Я выскочил на Бродвей с легким звоном в голове и побежал в HIAS. Был август, и те, кто летом 79-го был в Нью-Йорке, не забудут жуткой жары – даже по ночам. Но у меня все равно не было ни денег, ни времени ехать в HIAS сабвеем или автобусом. И я побежал. До отъезда из СССР я ежедневно бегал три – пять километров, и теперь это пригодилось. Я бежал сначала вниз по Бродвею, потом – по Сорок второй улице, потом – по Пятой авеню. На Сорок второй какие-то негры пытались на ходу продать мне наркотики, на Пятой авеню меня чуть не сбило такси, а на углу Семнадцатой и Парк-авеню я резко обогнал дюжину полицейских в касках и бронежилетах и перепрыгнул через какой-то полосатый барьер, стоявший между двумя полицейскими машинами. «Хэй! Стоп!» – крикнули мне вслед, но мне некогда было с ними разговаривать, кинопродюсер уже ждал от меня сценарий! И я побежал вниз по пустой Парк-авеню, недоумевая, почему вокруг меня вдруг установилась мертвая тишина. На бегу я посмотрел по сторонам. То, что я увидел, заставило меня похолодеть, несмотря на жару. Оказывается, я налетел на ограбление Сити-банка. В то лето в Нью-Йорке чуть не каждый день грабили банки, и на углу Семнадцатой и Парк-авеню полицейские устроили засаду на грабителей, которые были внутри Сити-банка. Весь квартал был окружен. Полицейские в бронежилетах и касках прятались за машинами, никого не пропуская, и держали двери банка под прицелами своих автоматов и пистолетов. За опущенными жалюзи банка стояли грабители и держали полицию на мушках своих пистолетов. А на крышах окружающих домов лежали и стояли полицейские снайперы… И вдруг откуда ни возьмись – потный идиот перескакивает через барьер и бежит по нейтрально-мертвой зоне неизвестно куда! Я даже кожей почувствовал, как сошлись на мне прицелы их автоматов, пистолетов и снайперских винтовок. Но что мне оставалось делать? Глядя прямо в дула пистолетов, направленных на меня из окон банка, я добежал до полосатых барьеров на углу Шестнадцатой улицы, перепрыгнул один из них, получил жуткий подзатыльник от какого-то полицейского и влетел в подъезд HIAS – дом номер 200 на Парк-авеню. А еще через минуту я прямо из лифта ворвался в кабинет мисс Копелевич.

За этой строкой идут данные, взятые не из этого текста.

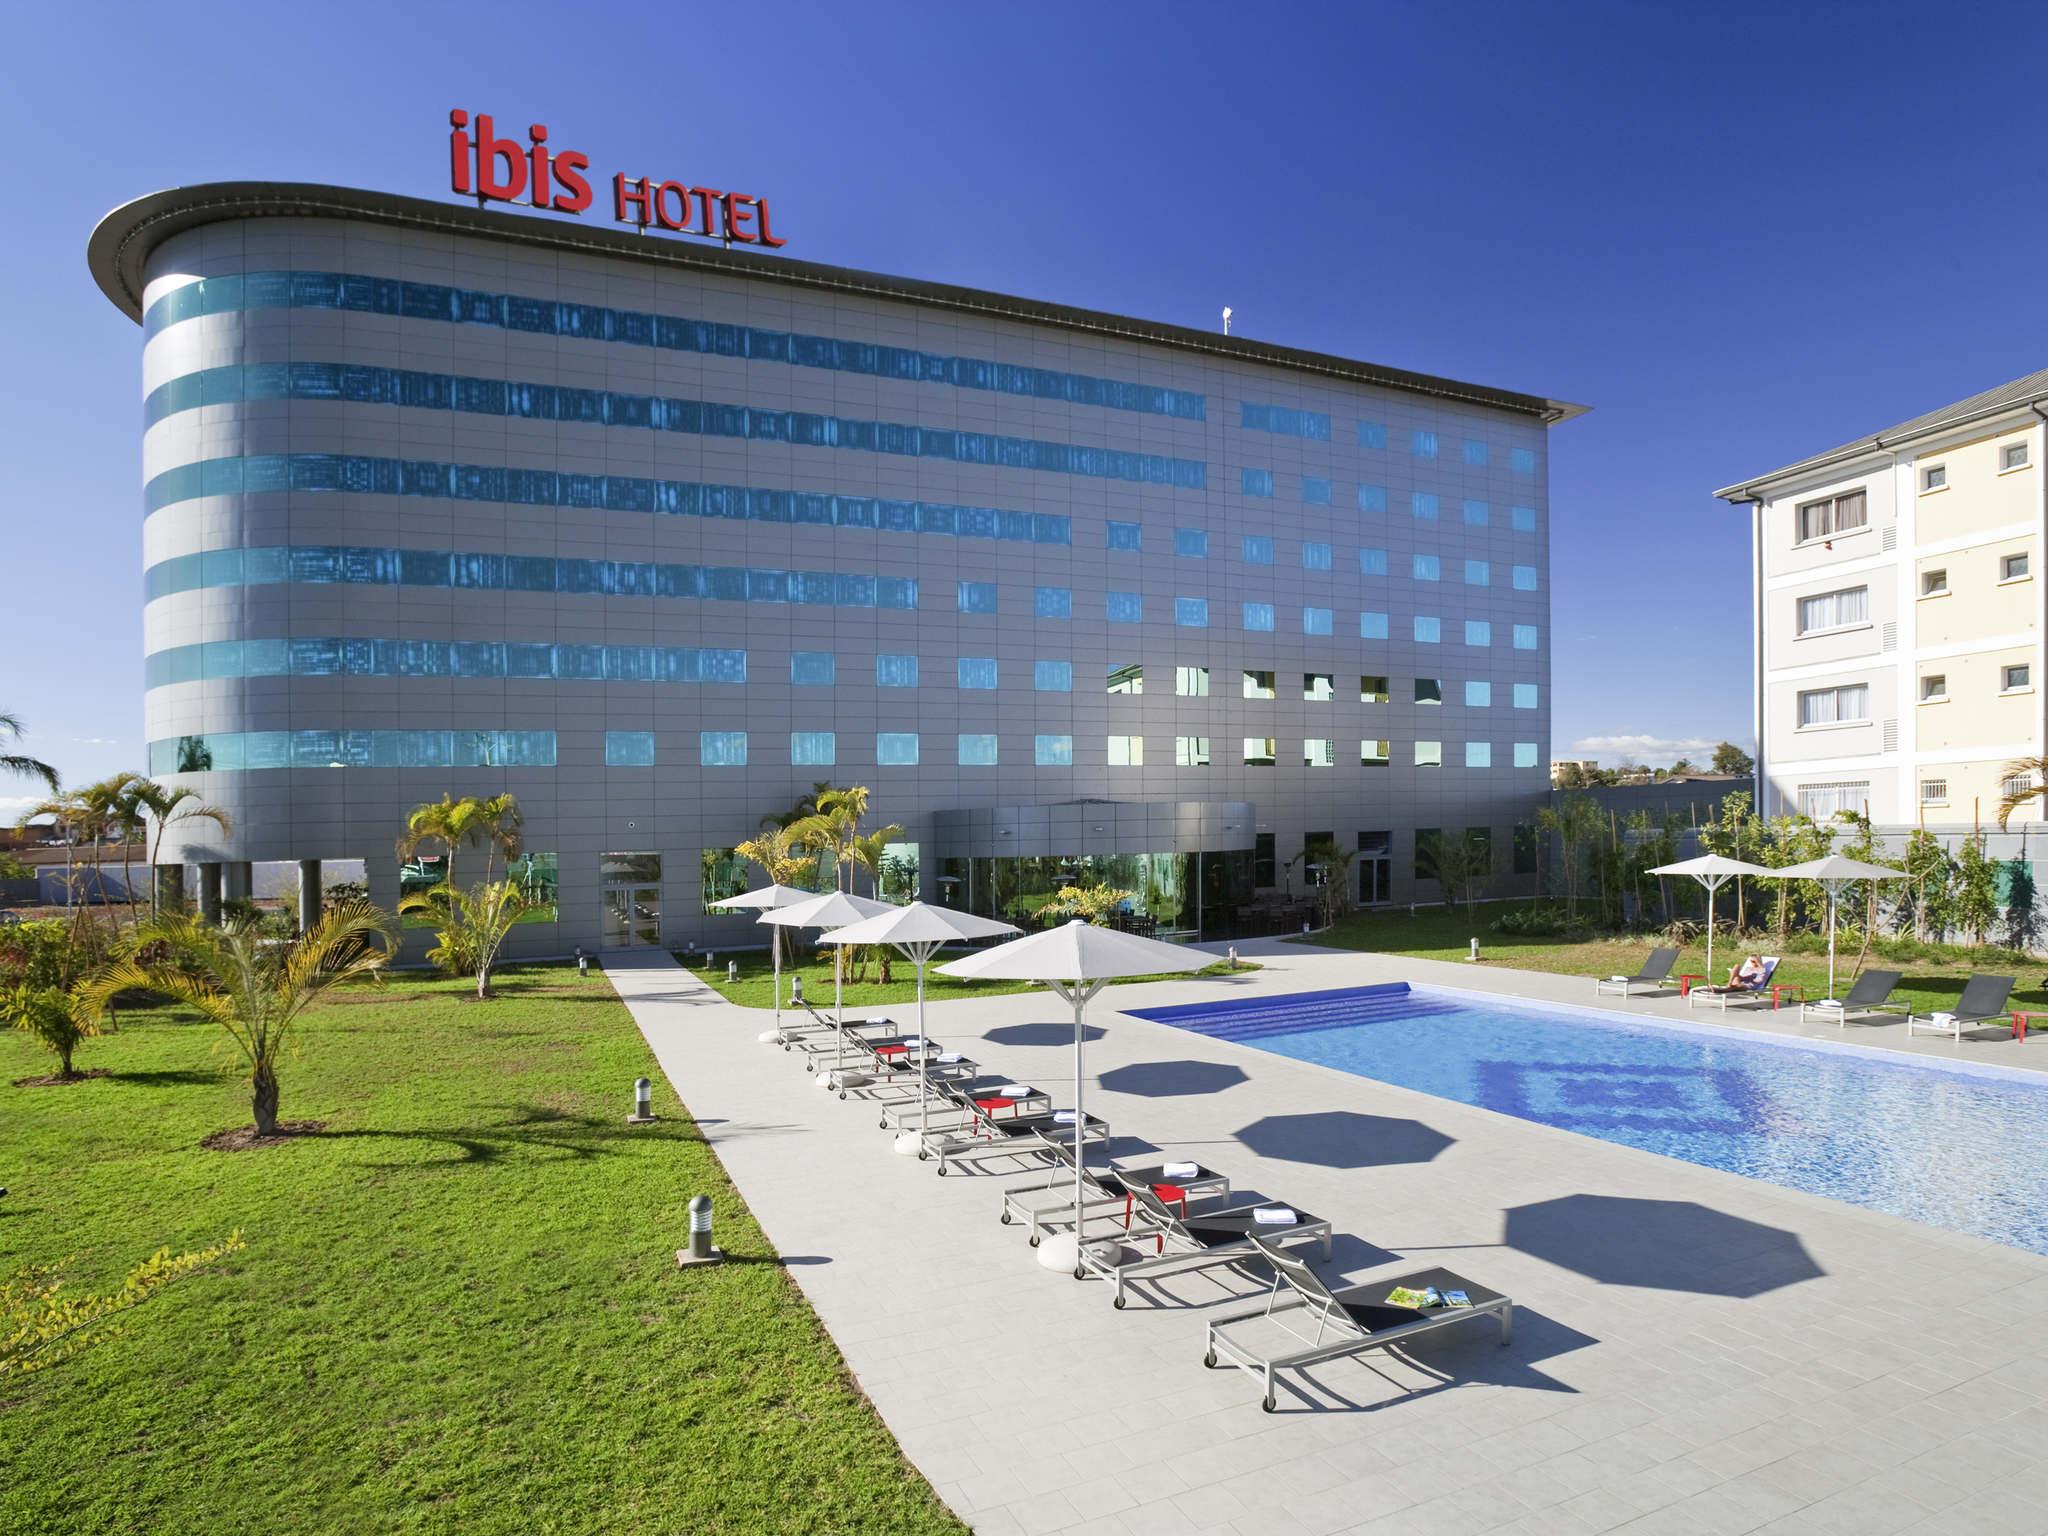 فندق - إيبيس ibis أنتاناناريفو أنكوروندرانو

– Я выиграл! Он хочет, чтобы я написал сценарий!

– Я знаю. Поздравляю… – сказала она сухо.

Неужели, пока я бежал сюда, этот Алтман позвонил ей и сказал, что ему нравится моя идея?

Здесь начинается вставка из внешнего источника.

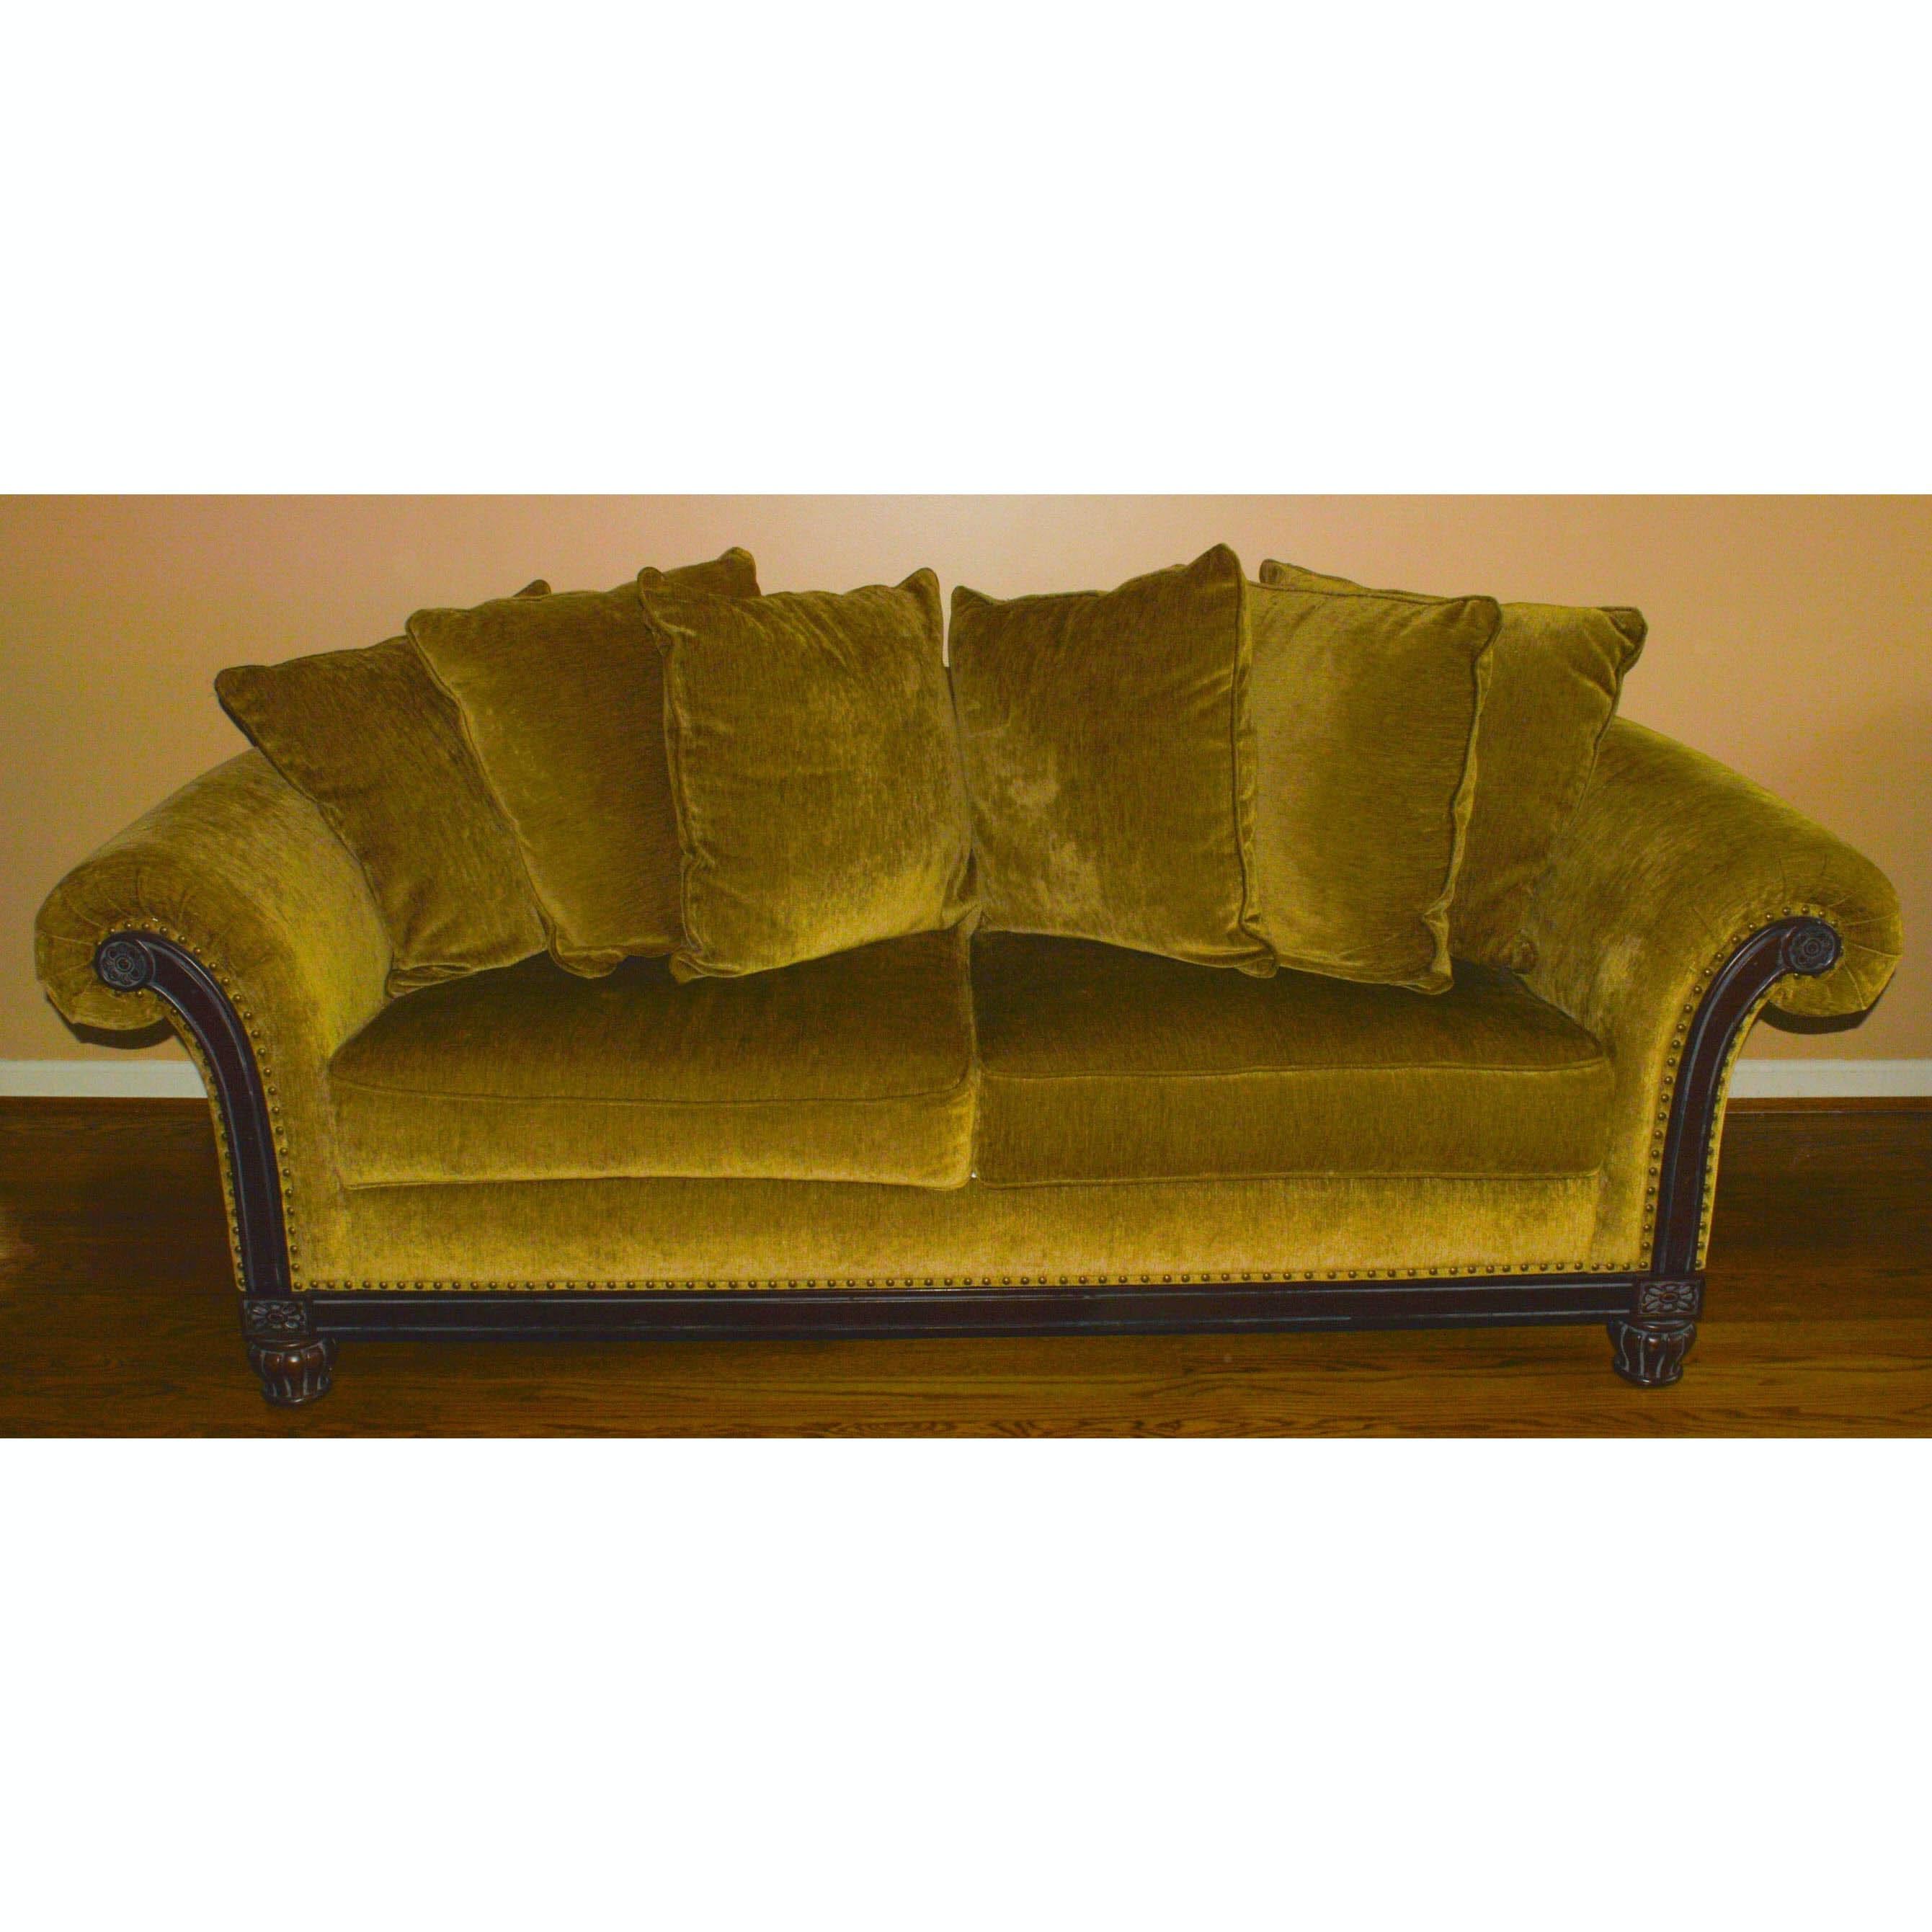 Bernhardt Furniture For Z Gallerie Sofa EBTH

– Но кто-то должен перевести мой сценарий! Вы заплатите за перевод?

– Мы не вкладываем деньги в кино, – еще суше сказала мисс Копелевич.

– Но это же в долг! Я отдам с гонорара! – Я вытащил из брюк подол рубахи и утер пот со лба и шеи, что вызвало у мисс Копелевич приступ душевной и физической боли.

– Мне кажется, – сказала она, страдая не то от моего запаха, не то от моего успеха у кинопродюсера, – мне кажется, у меня есть работа для вас. Книжному магазину «Харпер энд Роу» нужен грузчик. Подождите, не спорьте! Вы знаете, что такое «Харпер энд Роу»? Это самое знаменитое издательство в Америке. Может быть, там вы найдете себе переводчика…

– Сколько? – спросил я нетерпеливо.

– Сколько – что?

– Сколько они платят?

– Пять пятьдесят в час. И у них там есть переводчики со всех языков…

Я мгновенно сосчитал: 5.50 на 8 на 6 – при восьмичасовом рабочем дне я буду иметь больше 25 долларов в неделю! Если половину откладывать на переводчика…

– Я согласен! – крикнул я. – Я беру эту работу!

Мисс Копелевич быстро написала что-то на клочке бумаги и протянула мне:

– Вот адрес. Пятьдесят третья улица между Мэдисон и Парк-авеню. Завтра в 11.00 утра. Менеджера зовут мисс Родригес. Только запомните: в Америке нельзя опаздывать на апойтменты и положено приходить в костюме, белой рубашке и галстуке. Обязательно купите себе дезодорант и примите утром душ. Вы меня слышите?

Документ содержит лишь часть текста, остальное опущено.